WHAT NEEDS TO BE DONE
Starting at the line that contains "Шлем горнолыжный Uvex", transcribe every remaining line of the data below exactly, and omit all pictures.

MATERIAL PROVIDED

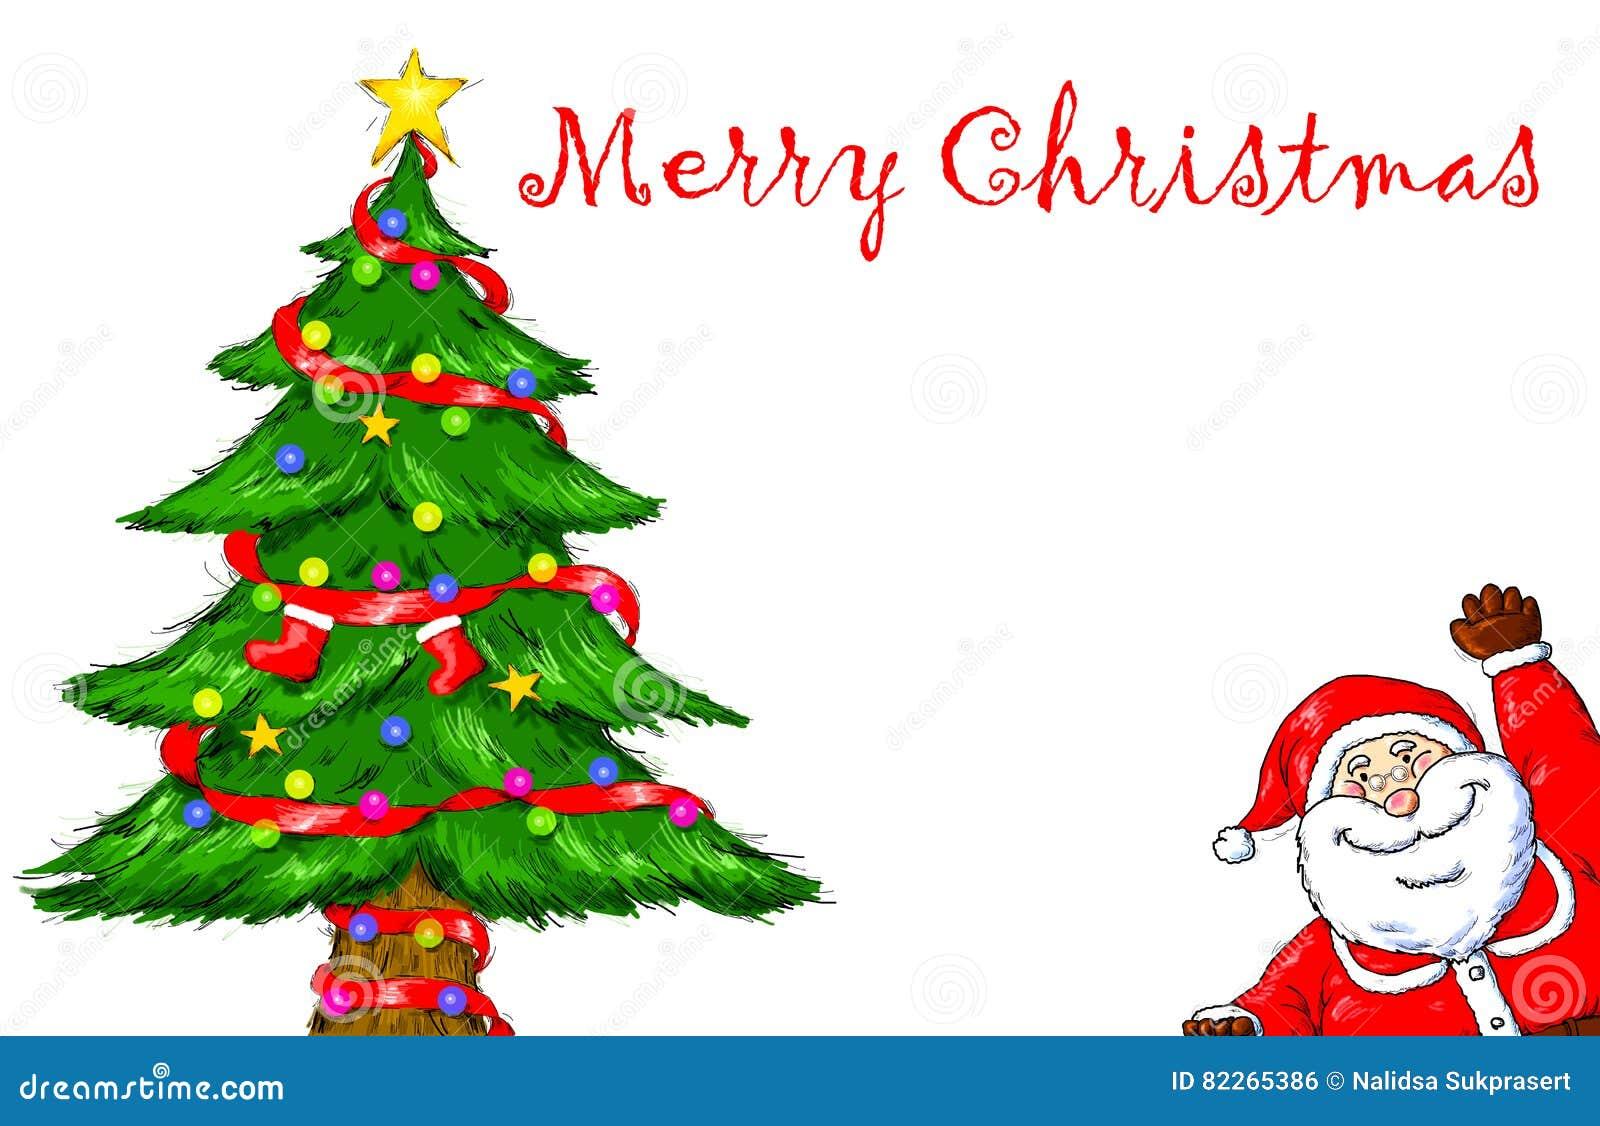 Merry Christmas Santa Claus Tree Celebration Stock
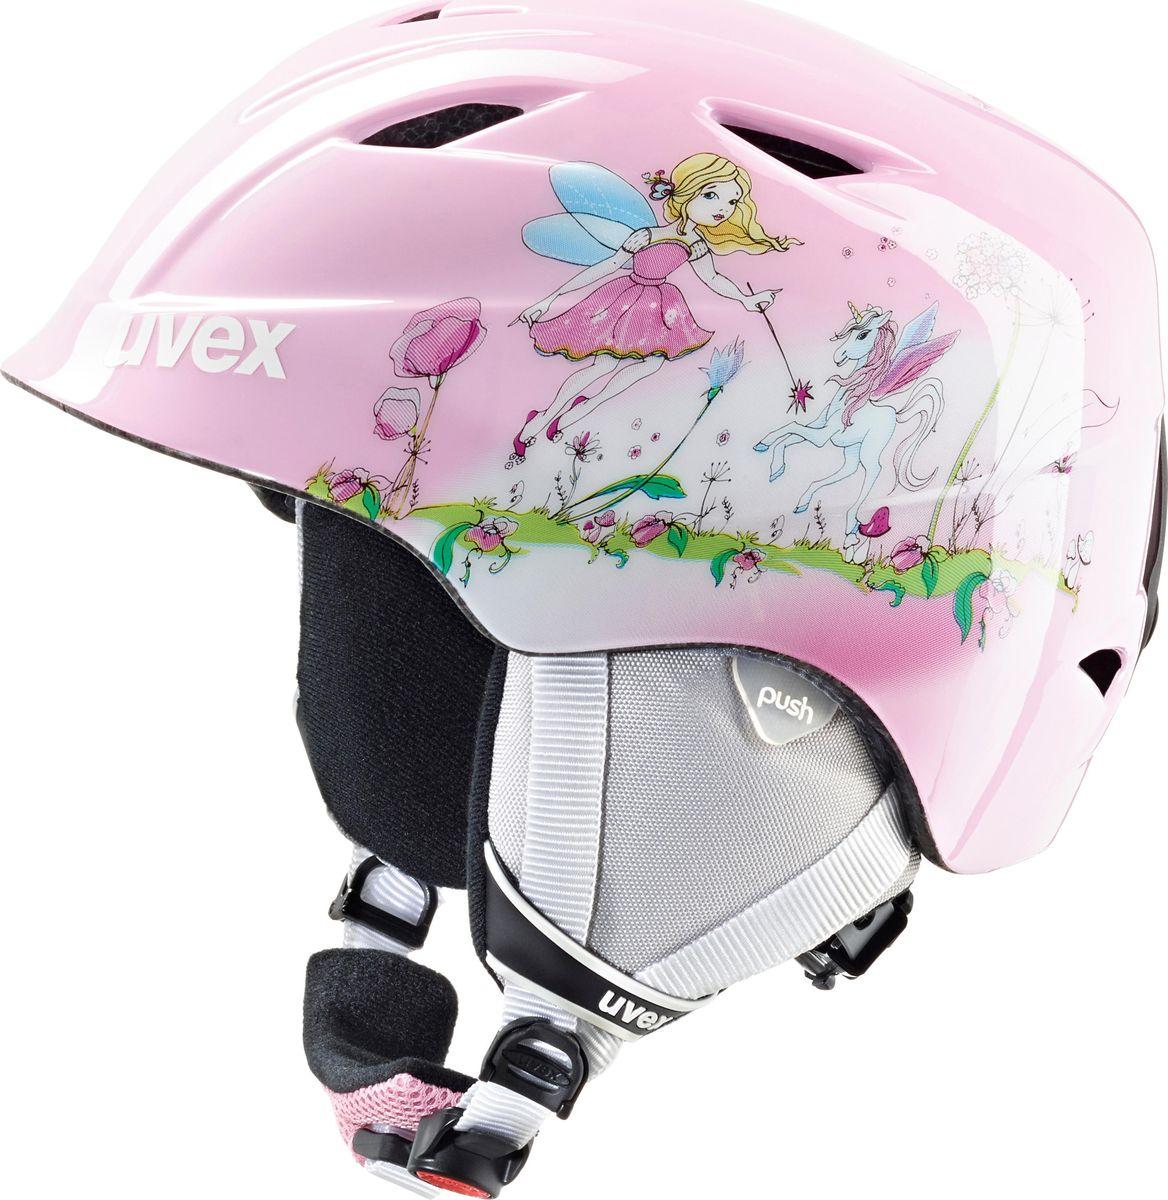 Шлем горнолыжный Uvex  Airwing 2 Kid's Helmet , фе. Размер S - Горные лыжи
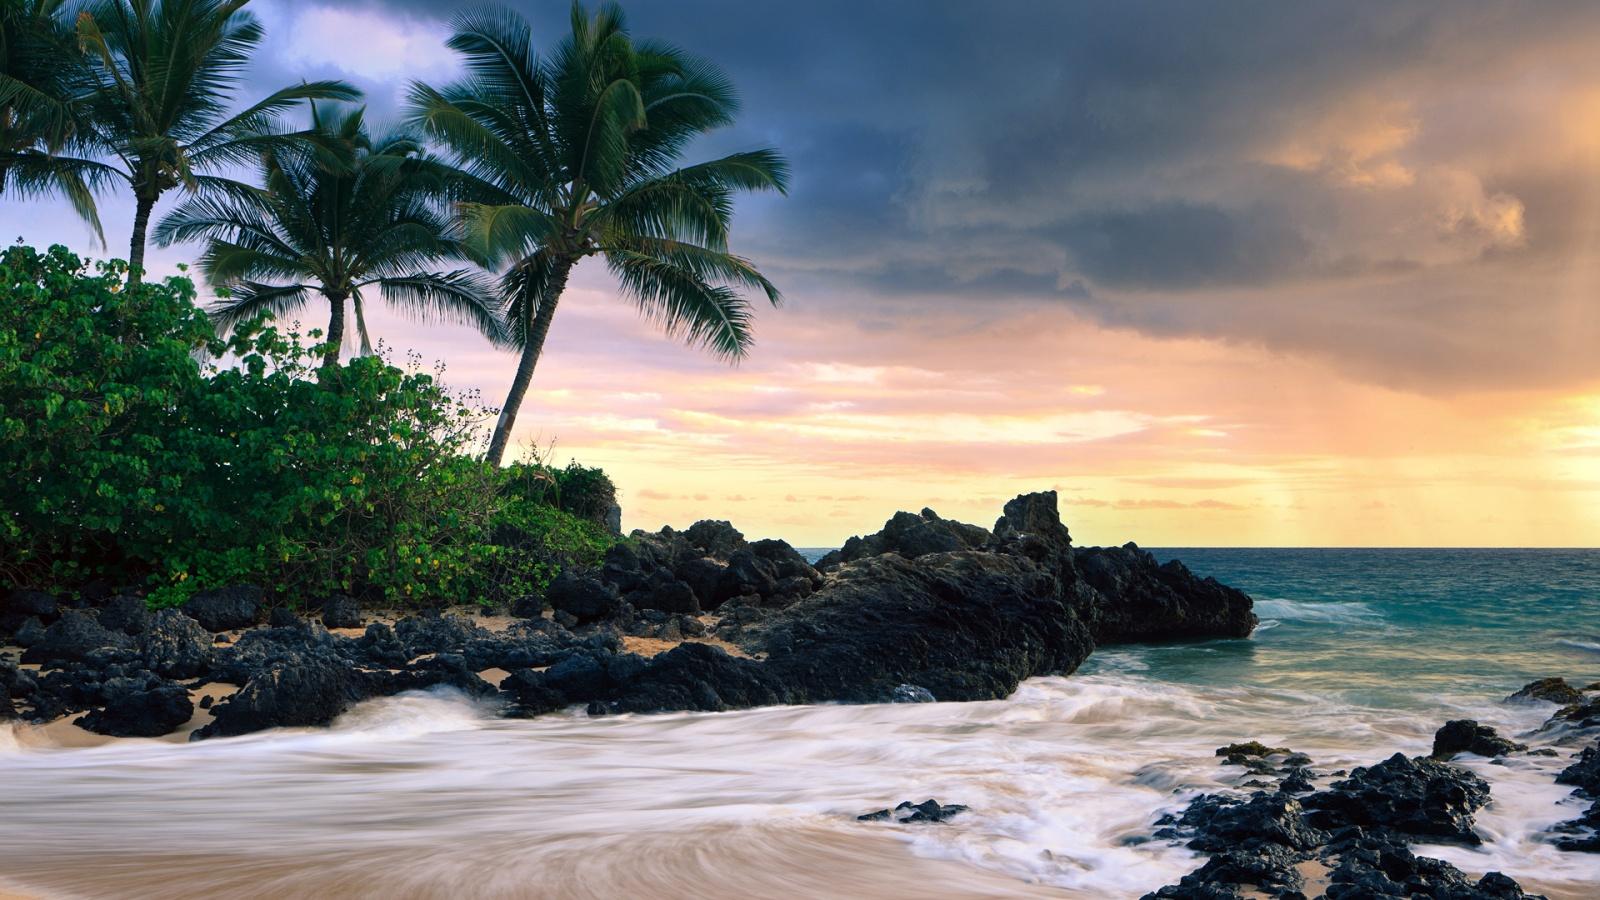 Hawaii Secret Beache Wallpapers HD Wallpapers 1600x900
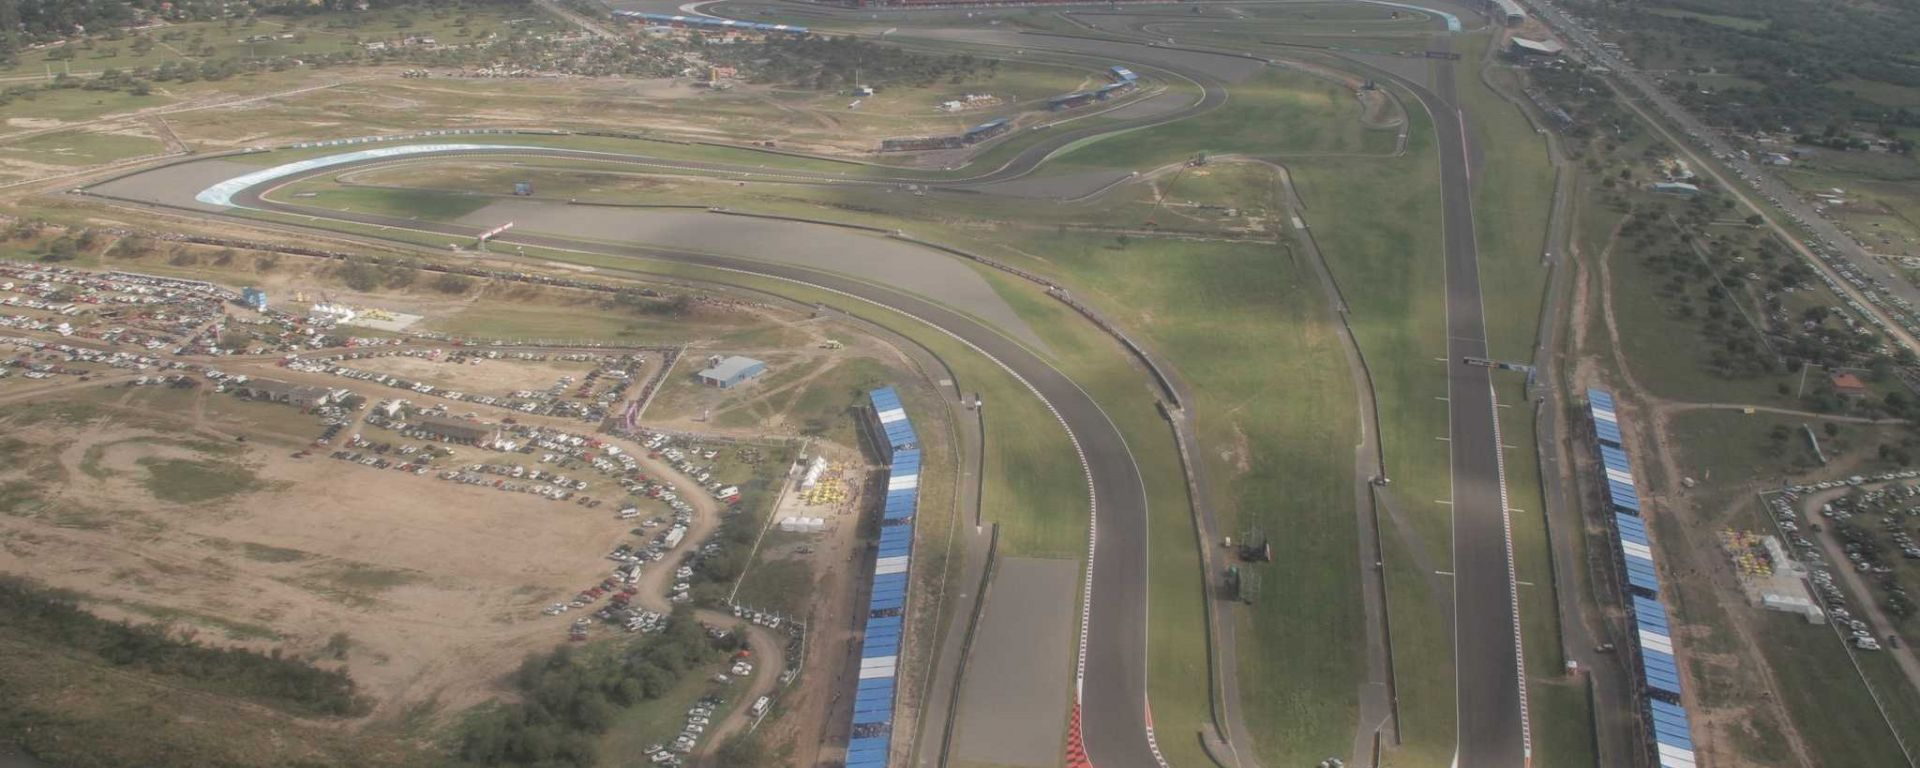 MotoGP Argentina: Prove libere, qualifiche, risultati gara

SOLUTION FOR THIS PROBLEM
 Шлем горнолыжный Uvex  Airwing 2 Kid's Helmet , фе. Размер S - Горные лыжи
 Hawaii Secret Beache Wallpapers HD Wallpapers 1600x900
 MotoGP Argentina: Prove libere, qualifiche, risultati gara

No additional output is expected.